Use Laplace Transforms to solve the following initial value problems

a. [tex]t\,y''\, - \,t\,y'\, + \,y\; = \;2\;\;\;y(0)\;=\;2\;\;\;y'(0)\;=\;-1[/tex]

b. [tex]y''\,+\,2\,y'\,-3\,y\;=\;\delta(t\,-\,1)\,-\,\delta(t\,-\,2)\;\;\;y(0)\;=\;2\;\;\;y'(0)\;=\;-2[/tex]

Homework Equations



Laplace Transforms

The Attempt at a Solution



PART A

[tex]- \frac{d}{{ds}}\left[ {s^2 \,Y\left( s \right)\, - \,s\,y\,\left( 0 \right)\, - \,y'\left( 0 \right)} \right]\, + \,\frac{d}{{ds}}\left[ {s\,Y\left( s \right)\, - \,y\,\left( 0 \right)} \right]\, + \,Y\left( s \right)\; = \;\frac{2}{s}[/tex]

[tex]- \frac{d}{{ds}}\left[ {s^2 \,Y\left( s \right)\, - \,2\,s\, + \,1} \right]\, + \,\frac{d}{{ds}}\left[ {s\,Y\left( s \right)\, - \,2} \right]\, + \,Y\left( s \right)\; = \;\frac{2}{s}[/tex]

[tex]\begin{array}{l}<br /> - \left[ {2\;s\;Y\left( s \right)\; + \;s^2 \;Y'\left( s \right)\; - 2} \right]\; + \;\left[ {Y\left( s \right)\; + \;s\;Y'\left( s \right)} \right]\; + \;Y\left( s \right)\; = \;\frac{2}{s} \\ <br /> Y'\left( s \right)\;\left( { - s^2 \; + \;s} \right)\; + \;Y\left( s \right)\;\left( { - 2\;s\; + \;2} \right)\; = \;\frac{2}{s}\;\;\;\; \to \;\;\;\;Y'\; + \;Y\;\left( {\frac{{2\; - \;2\;s}}{{ - s^2 \; + \;s}}} \right)\; = \; - \frac{2}{{s^3 \; - \;s^2 }} \\ <br /> \end{array}[/tex]
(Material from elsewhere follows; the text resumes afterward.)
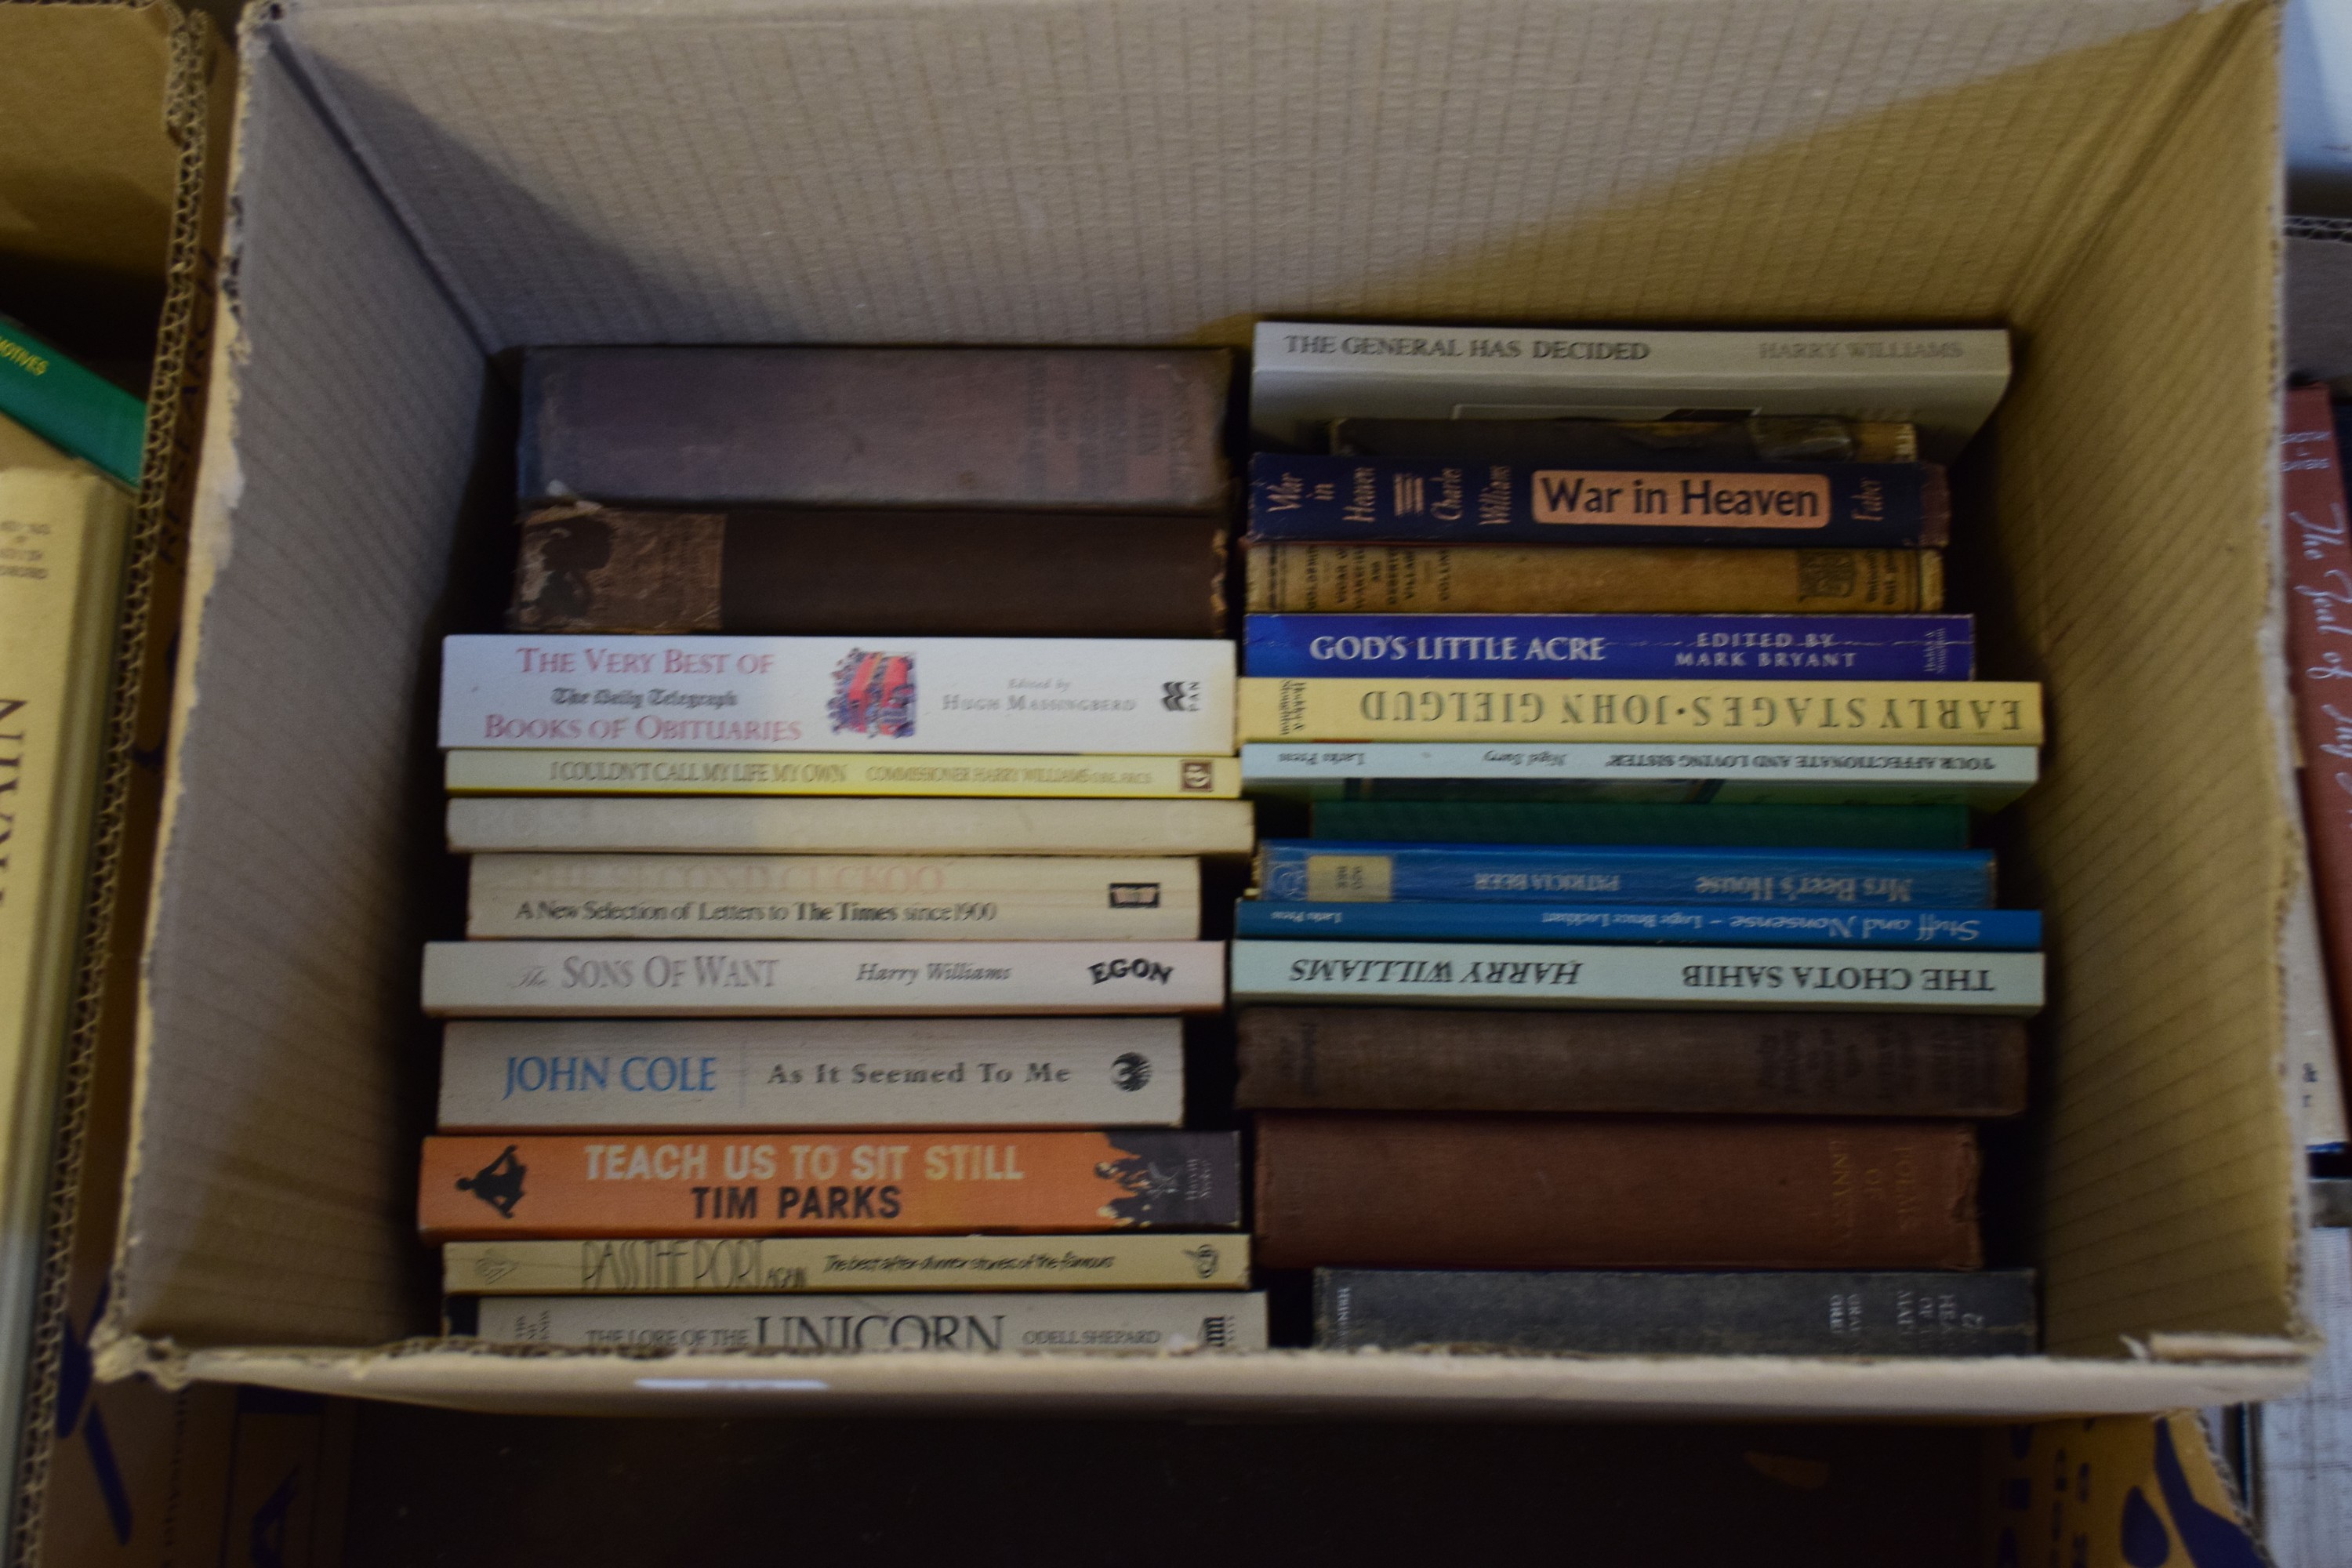 BOX OF MIXED BOOKS TO INCLUDE SONS OF WANT, GOD'S LITTLE ACRE, TEACH US TO SIT STILL ETC

[tex]\begin{array}{l}<br /> \mu \left( s \right)\; = \;e^{\int {\frac{2}{s}\;ds} } \; = \;s^2 \;\;\;\; \to \;\;\;\;\frac{d}{{ds}}\left\{ {\mu \left( s \right)\;Y\left( s \right)} \right\}\; = \;\mu \left( s \right)\;Q\left( s \right) \\ <br /> \mu \left( s \right)\;Y\left( s \right)\; = \;\int { - \frac{2}{{s\; - \;1}}} \;ds\;\;\;\; \to \;\;\;\;Y\left( s \right)\; = \;\frac{{ - 2\;\ln \left( {s\; - \;1} \right)}}{{s^2 }}\; + \;\frac{C}{{s^2 }} \\ <br /> \end{array}[/tex]

How do I do an inverse transform for

[tex]\frac{{ - 2\;\ln \left( {s\; - \;1} \right)}}{{s^2 }}\; + \;\frac{C}{{s^2 }}[/tex]PART B

[tex]\begin{array}{l}<br /> \left[ {s^2 \,Y\left( s \right)\, - \,s\,y\,\left( 0 \right)\, - \,y'\left( 0 \right)} \right]\, + \,2\left[ {s\,Y\left( s \right)\, - \,y\,\left( 0 \right)} \right]\, - \,3\,Y\left( s \right)\; = \;e^{ - s} \; - \;e^{ - 2\,s} \\ <br /> Y\,\left( s \right)\left( {s^2 \; + \;2\,s\; - \;3} \right)\; - \;2\,s\; - \;2\; = \;e^{ - s} \; - \;e^{ - 2\,s} \;\;\;\; \to \;\;\;\;Y\,\left( s \right)\; = \;\frac{{e^{ - s} \; - \;e^{ - 2\,s} \; + \;2\,s\; + \;2}}{{s^2 \; + \;2\,s\; - \;3}}\end{array}[/tex]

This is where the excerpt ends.